Directions
Go through the data below and repeat it exactly, skipping each picture.
-------- Recorded information --------
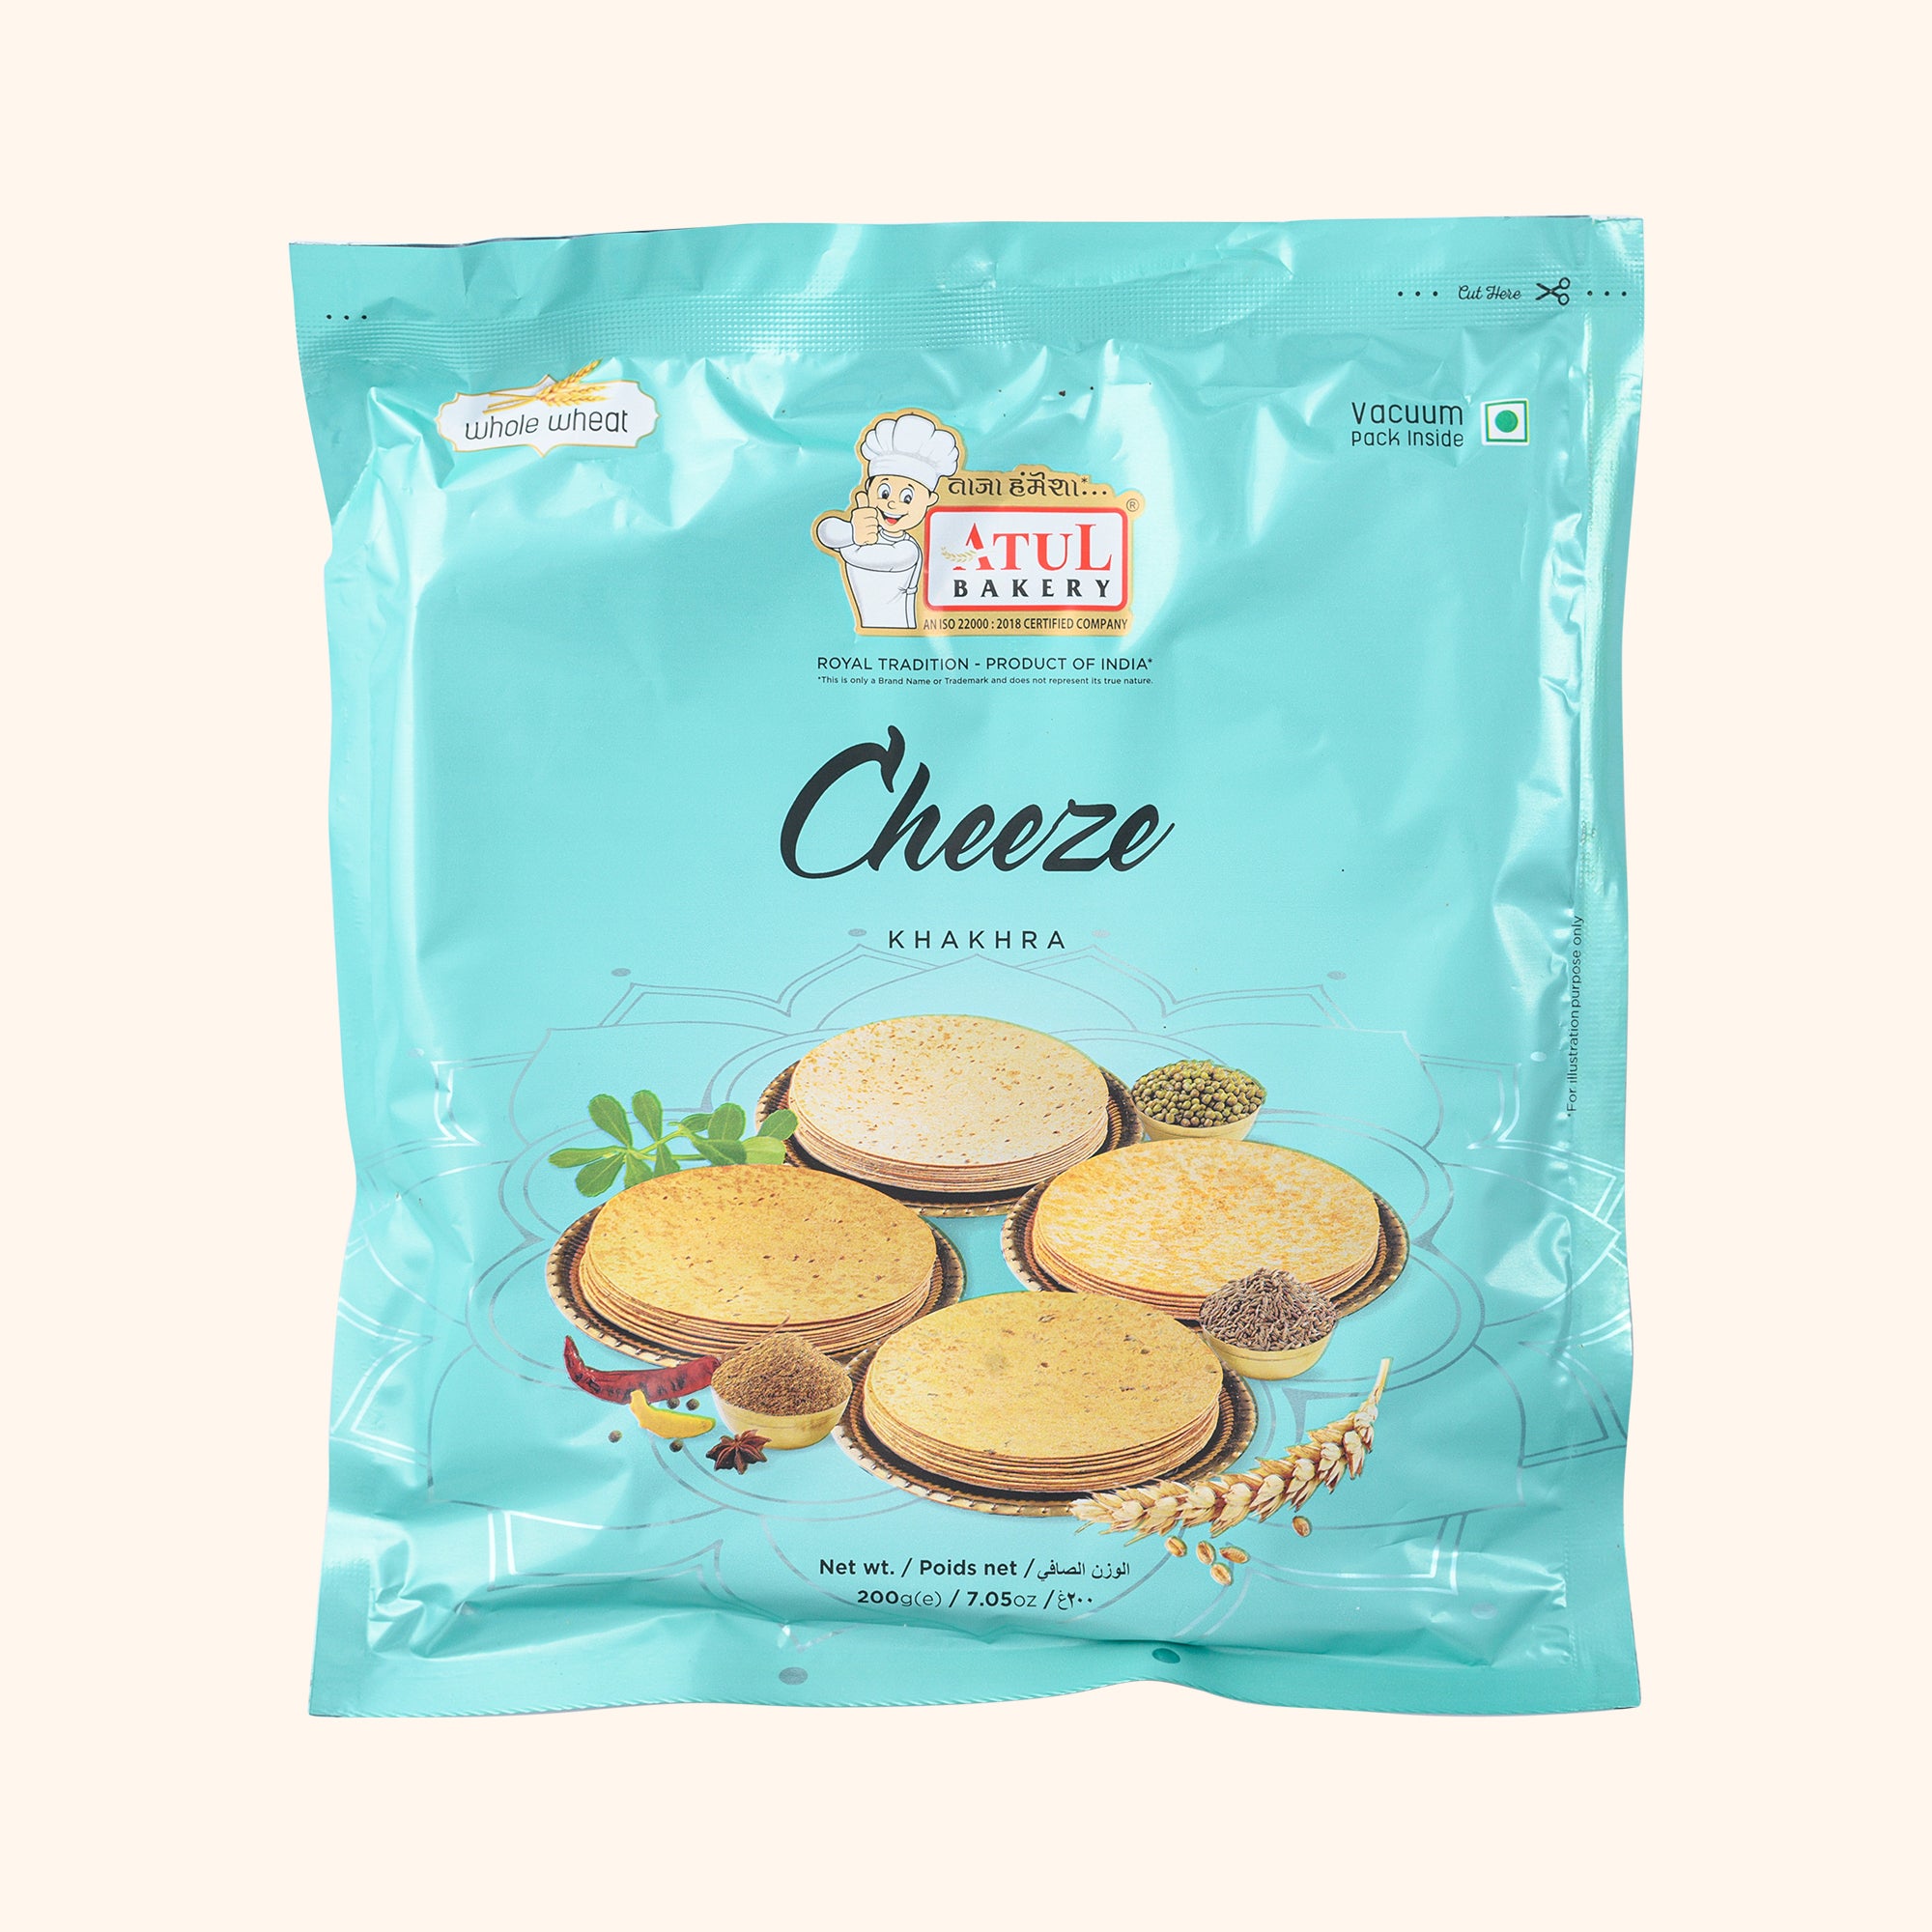 Atul Bakery Cheese Khakhra || Ready to Eat Snacks || PRODUCT OF INDIA || Whole Wheat
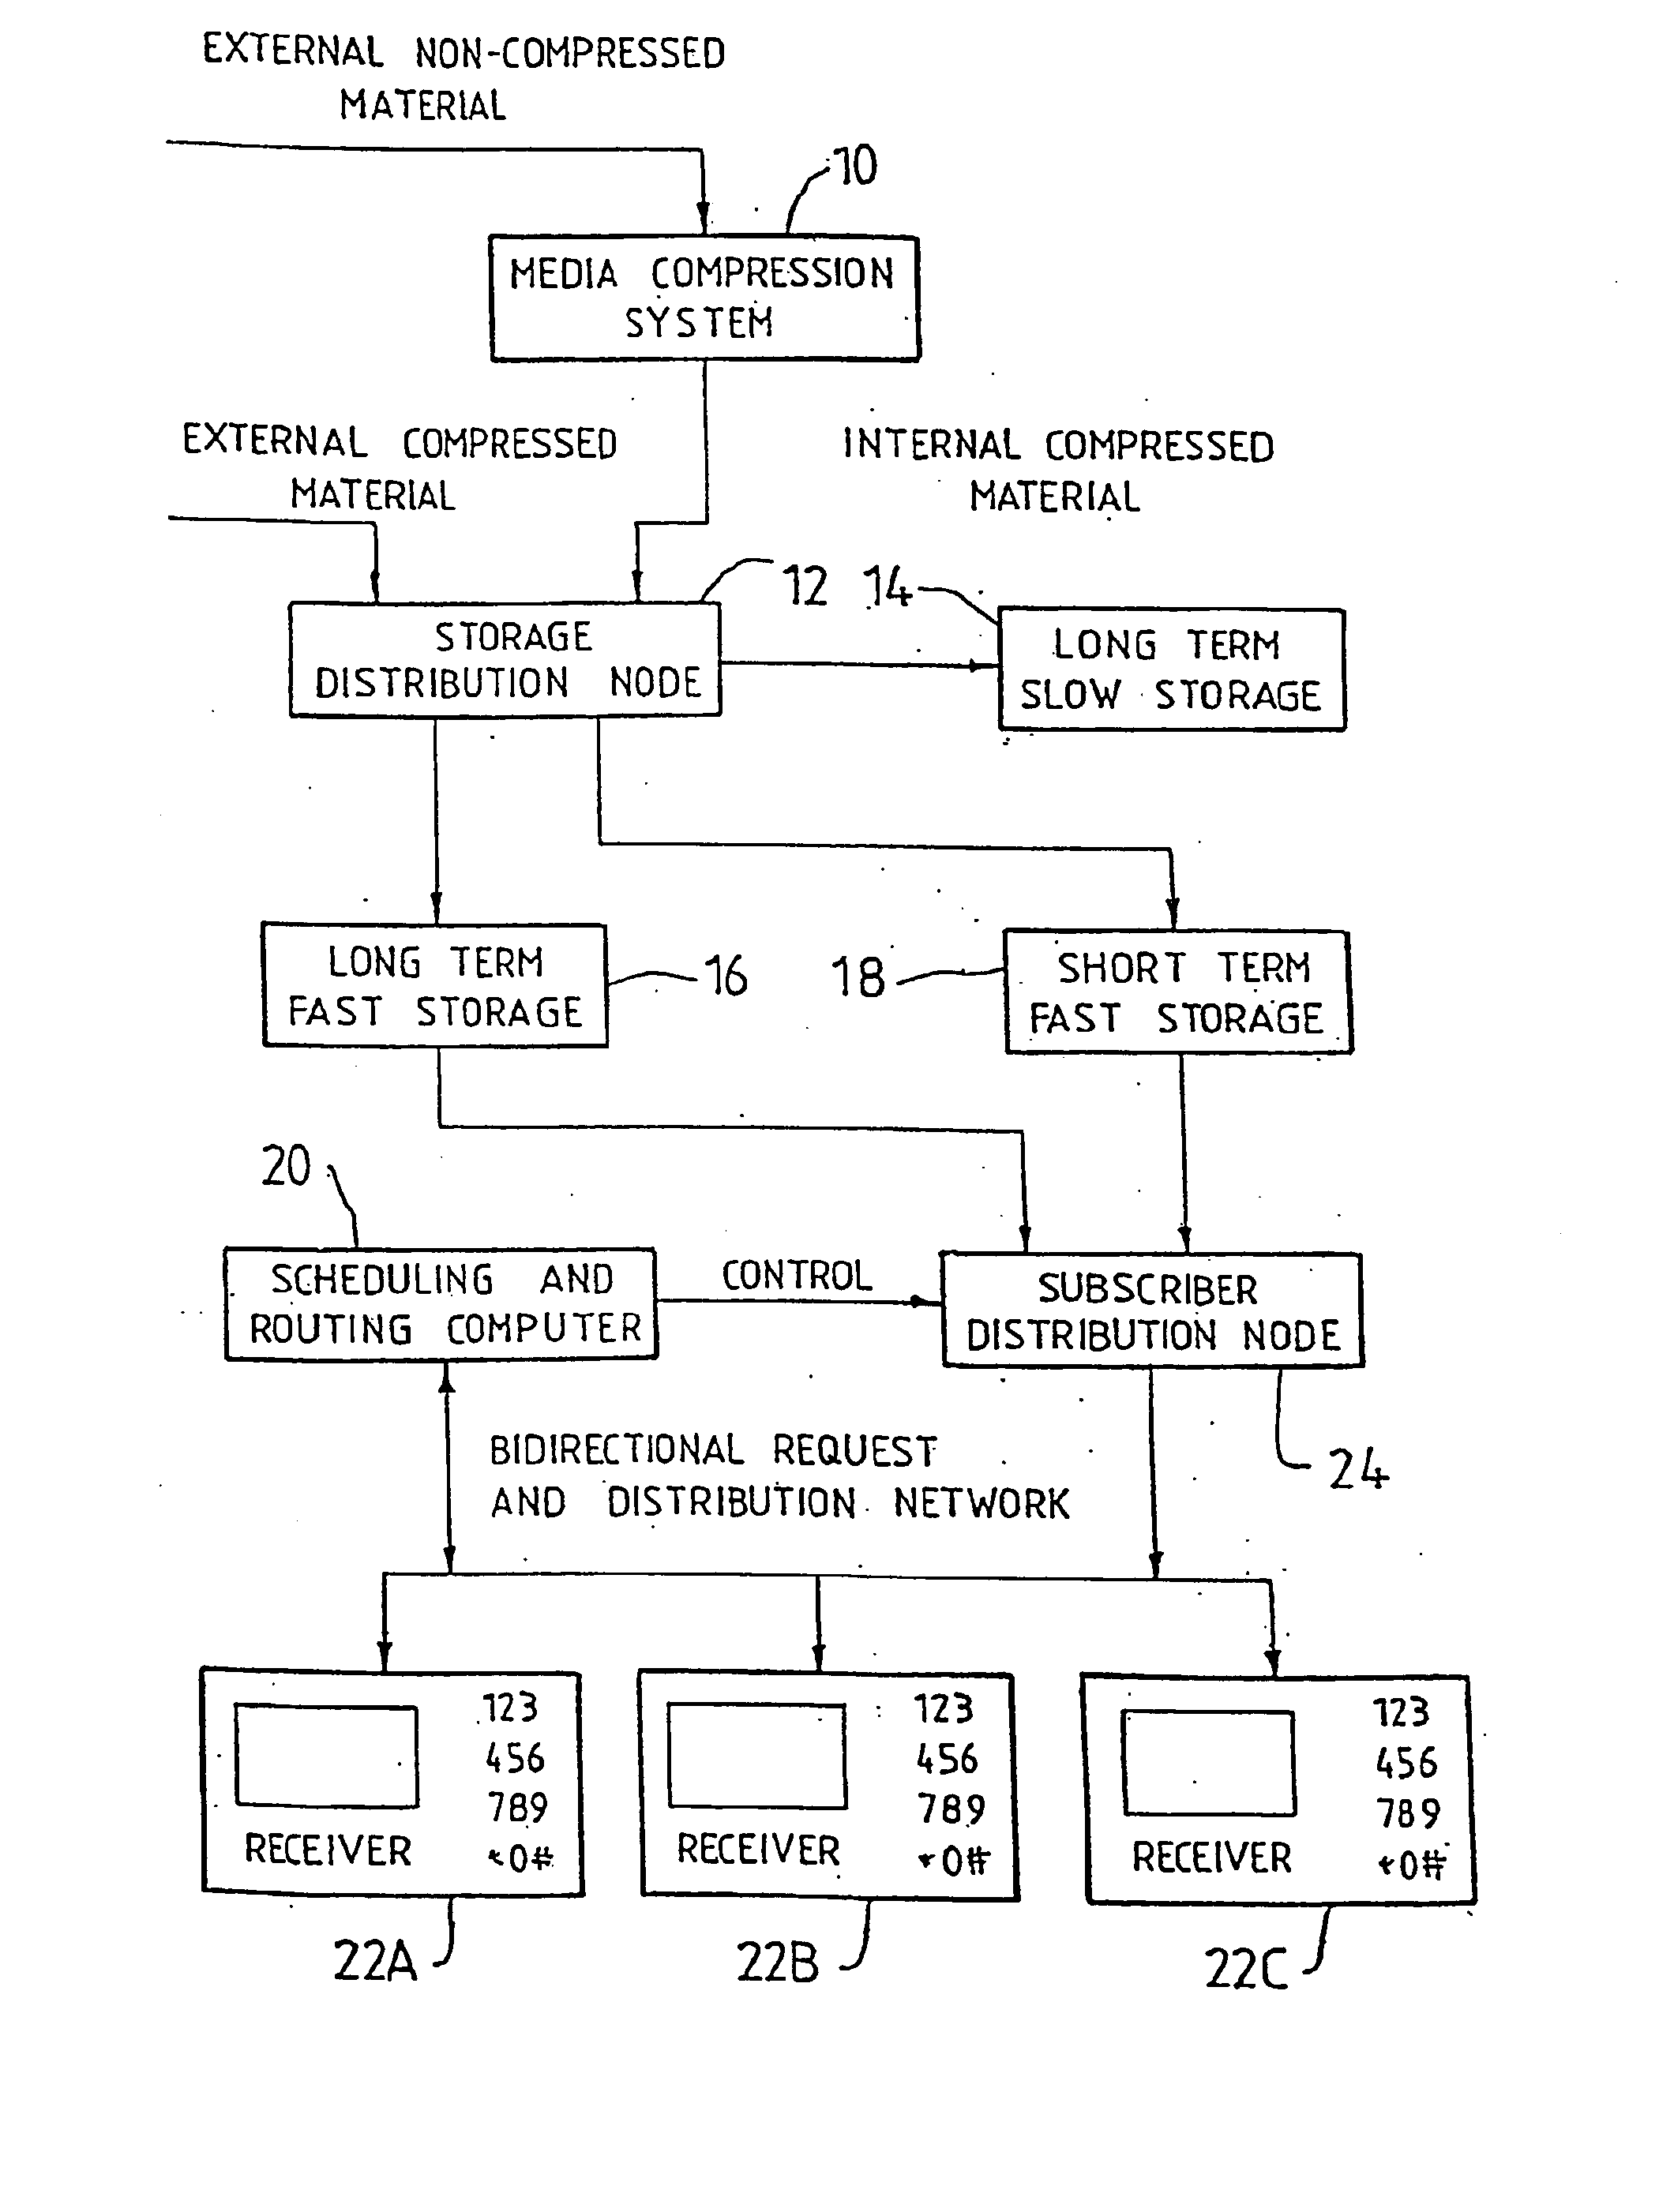 Method and system of program transmission optimization using a redundant transmission sequence
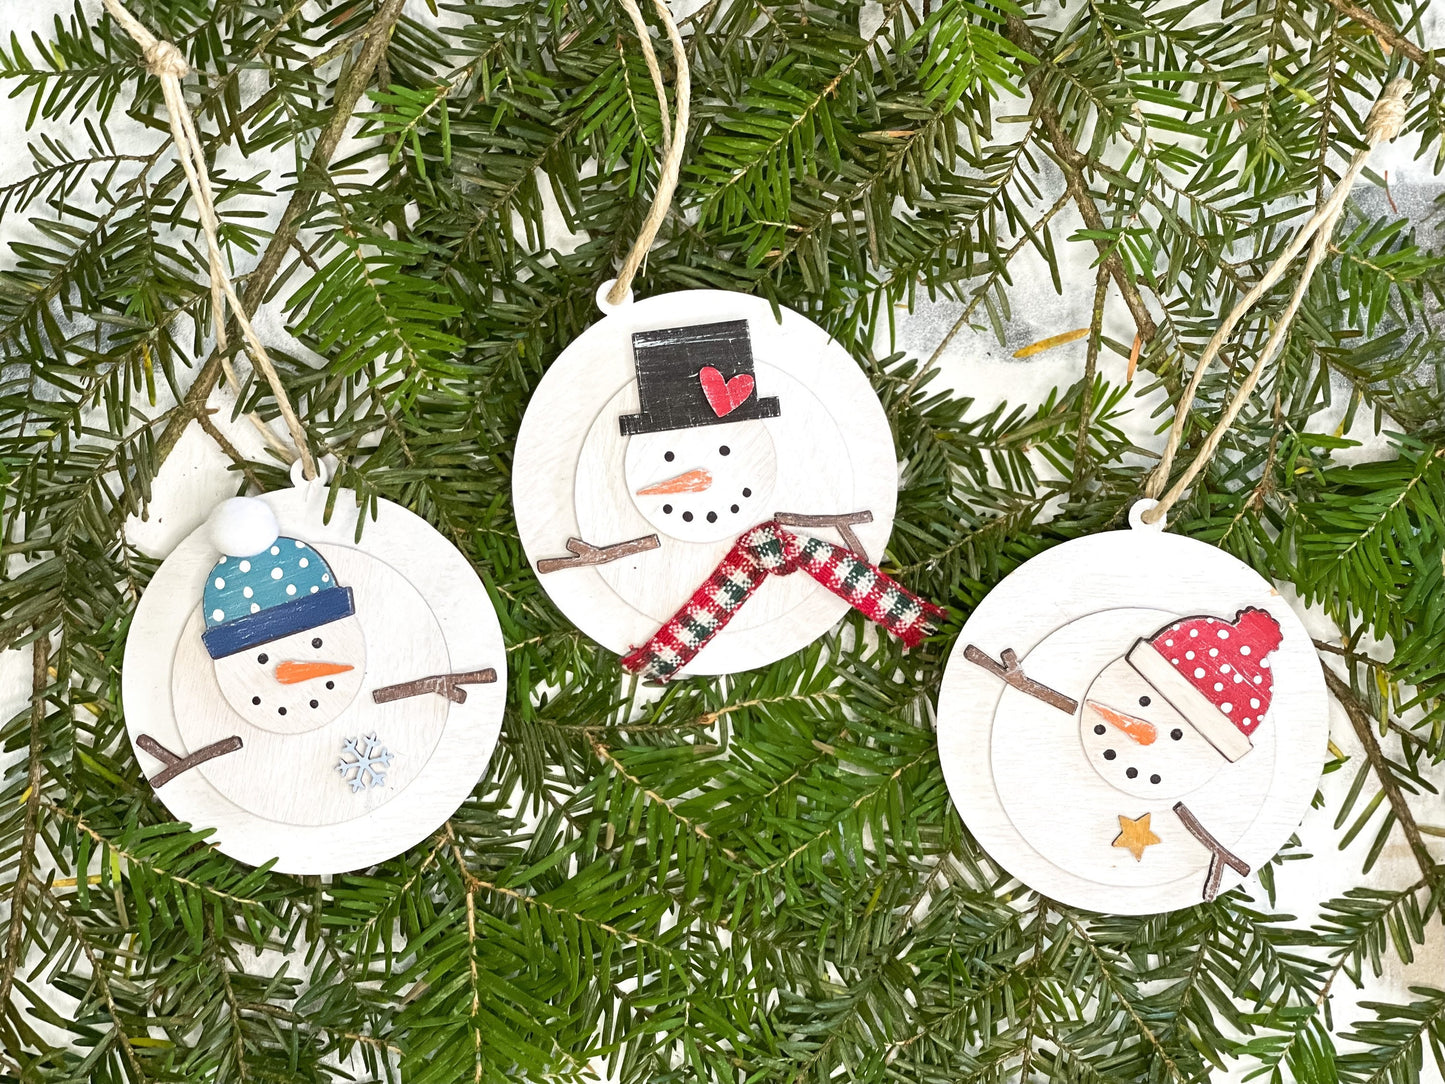 Snowman Christmas Ornament - Christmas Tree Decorations
--------
Output below
 Atul Bakery Cheese Khakhra || Ready to Eat Snacks || PRODUCT OF INDIA || Whole Wheat
 Method and system of program transmission optimization using a redundant transmission sequence
 Snowman Christmas Ornament - Christmas Tree Decorations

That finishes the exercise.